24. Lessons Learned : Architecture
(don’t repeat our mistakes)
— If Collectd metrics are not being reported often enough
— Insufficient ReadThreads – too many source plugins
— Insufficient WriteThreads – queue building up, metrics
dropped at random to compensate
— CollectdParentPlugin uses a single synchronized socket
connection.

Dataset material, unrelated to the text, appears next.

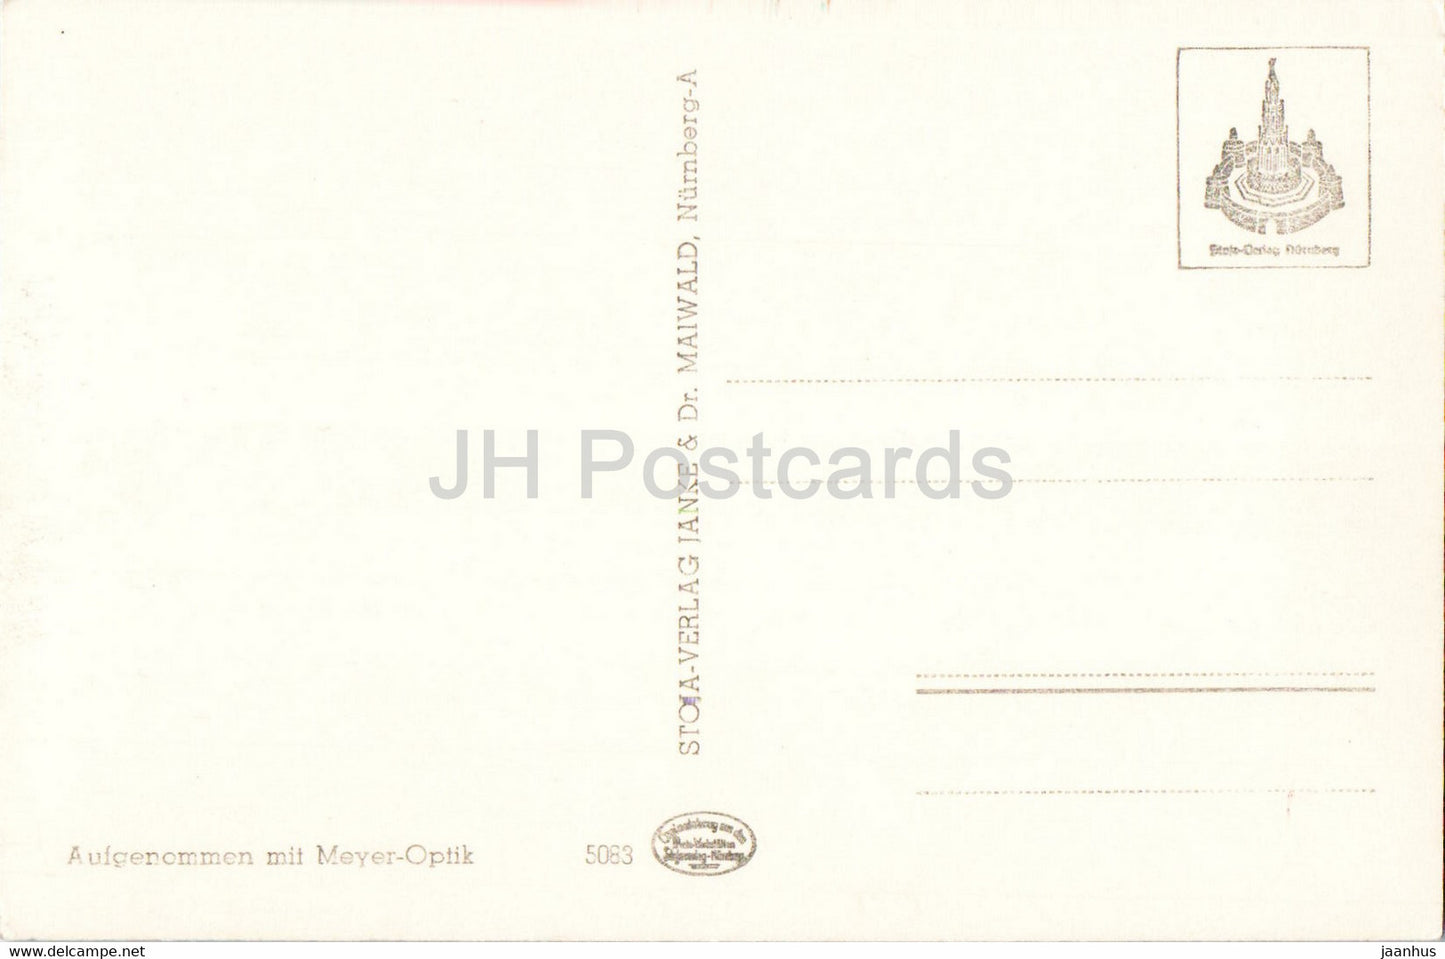 Nurnberg - Nuernberg - Hans Sachs Haus - old postcard - Germany - unused

Increasing write threads is inconsequential.
— (See Issue #156)
— HAProxy does not handle UDP connections
— (nginx is a possible solution)
— Make sure that your NSQPipe process reconnects to Timely
on communication error
— Monitor ingest / query performance using Timely’s internal
metrics
25. Lessons Learned : Compactions
(don’t repeat our mistakes)
— Watch your compactions / compaction ratio
— HDFS ran out of space multiple times
— Accumulo killed with too many compactions
— Compaction Ratio was tricky to get right
— Full table compactions worked well
26. Lessons Learned : HDFS
(don’t repeat our mistakes)
— iostat is your friend.
— Multiple spindles often necessary
— Understand your configuration
27. Lessons Learned: Metrics
(don’t repeat our mistakes)
— Review and Cull Metrics
— You can track everything…
— ...but it doesn’t mean you should
— (do you really need stats for lo0)?
— I heard you like metrics...
— ...so I put some metrics on your metrics.